I admit it. Ever since the election, I've been wondering -- wondering hard -- about how divided we are. I'm not the only one. Every news outlet and wannabe pundit from TV to radio to the internet has commented on it too, ad nauseam (and there's a lot of nauseam to go around!).
But I don't want to talk to you about politics.
I was happy that it was a glorious day and I had completed all my chores so I could sit in my backyard and crack open Jonathan Haidt's latest book, The Righteous Mind: Why Good People Are Divided by Politics and Religion. I have mentioned Jonathan Haidt to you before, dear reader. He wrote The Happiness Hypothesis, and in that book he introduced a fantastic metaphor about facilitating any change in your life: The elephant and the rider. (Yeah, click on that link. It's fun. Two minutes.)

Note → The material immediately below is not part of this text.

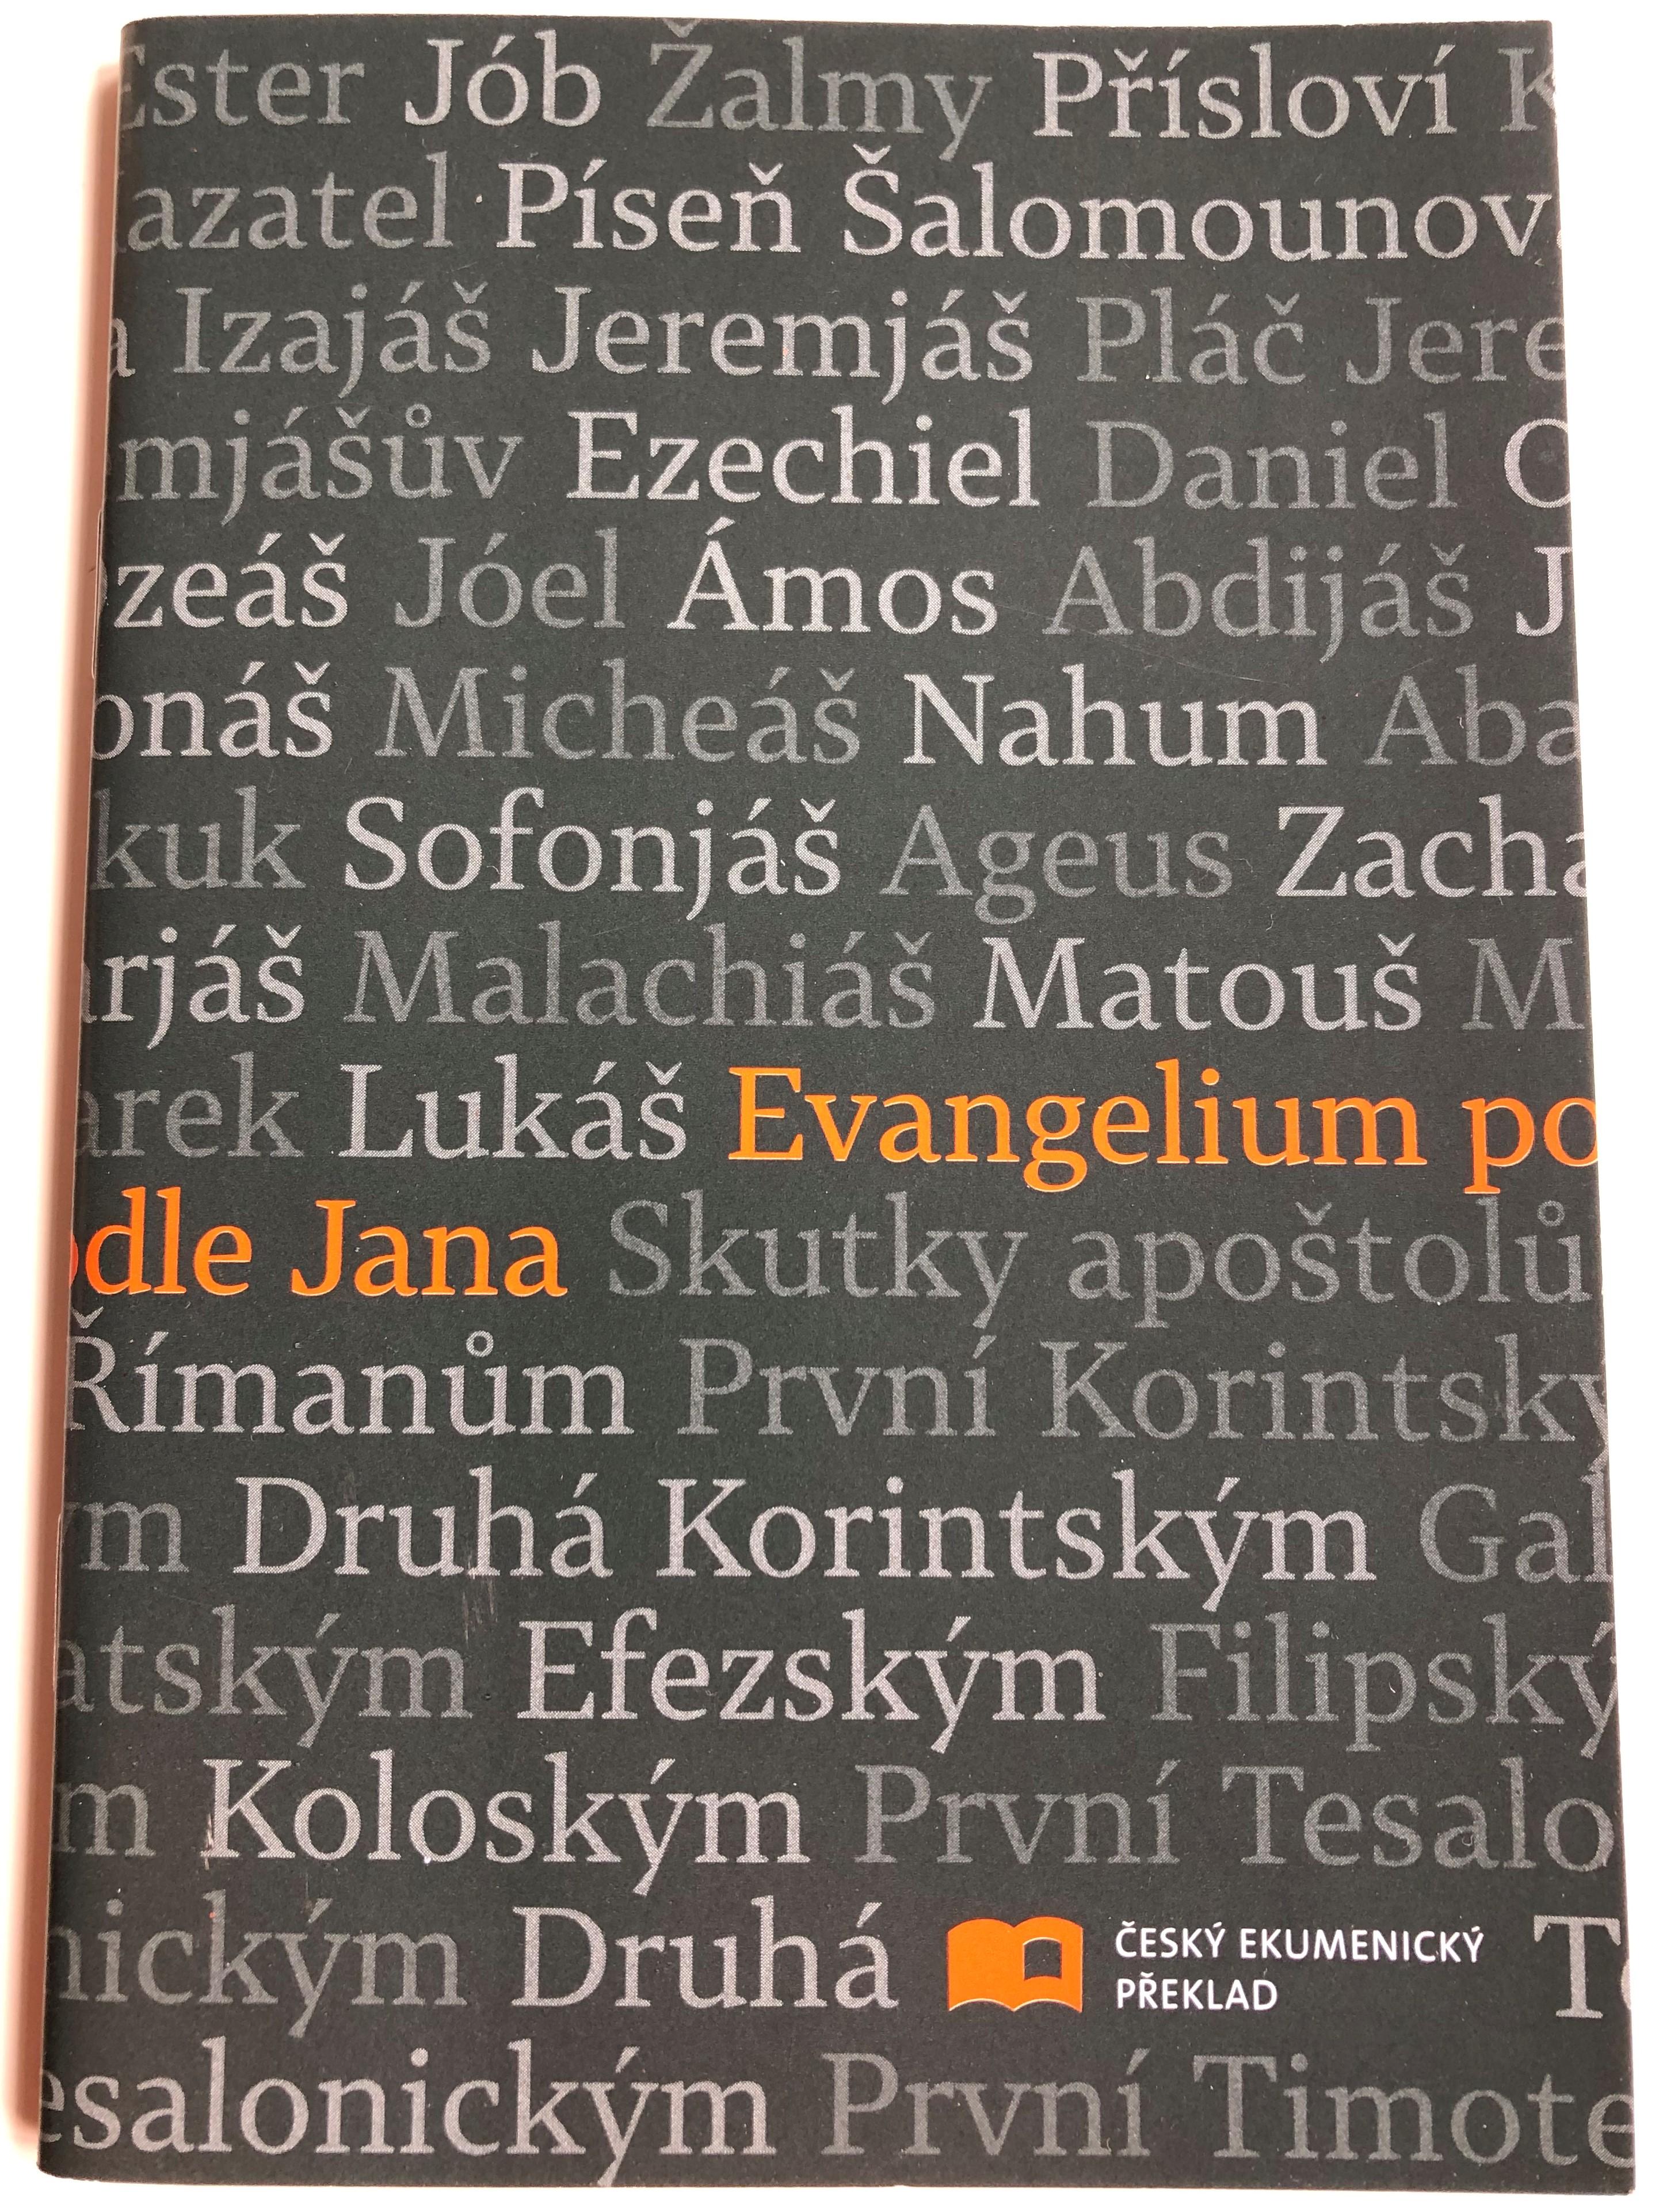 evangelium-podle-jana-czech-language-gospel-according-to-john-1.jpg

Of course, it's pertinent to the new book and current politics and his research on what divides us so deeply. But that all brings me to this: I'd like to talk about his metaphor and how it may help you.
Think of your mind as having two parts: a rational part (that's the rider) and an emotional part (that's the elephant). Together you are navigating a path (the external environment) toward a goal (that's the change or new behavior you are trying to achieve). Clearly, when the rider and the elephant are in sync, you will be pretty much unstoppable. Yay! and watch out world. But! But. When the elephant is NOT in synch with the rider, it's extremely unlikely you'll get to your goal the way you, the rider, think you should.

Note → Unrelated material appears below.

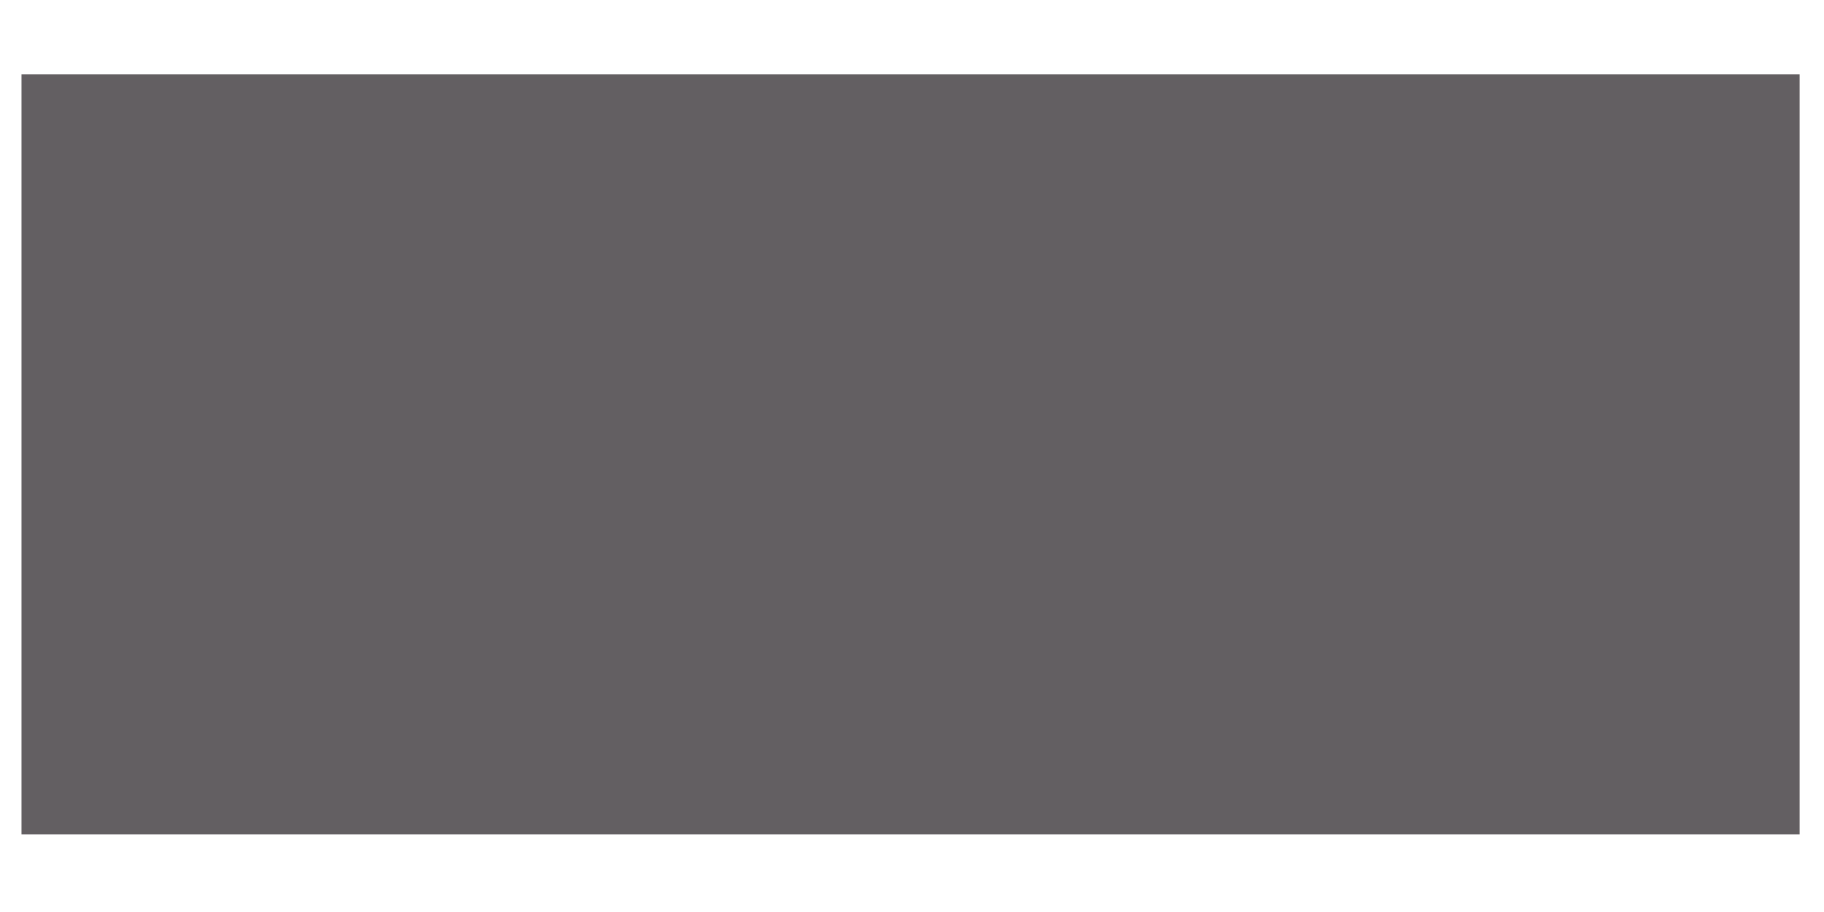 restangle grey Clipart illustration in PNG, SVG

So, it's very important for the rider to have a clear idea of the direction; for the elephant to be motivated to reach the goal; and for the path to be as clear of obstruction and diversion as possible.
So, here's something for you to think about this week: What emotions are undermining your progress? What obstacles do you see in your path? How are you being diverted by external or internal forces? Can you coordinate your rational mind with your emotional mind to navigate the external forces (that have nothing to do with you) that are impeding your progress?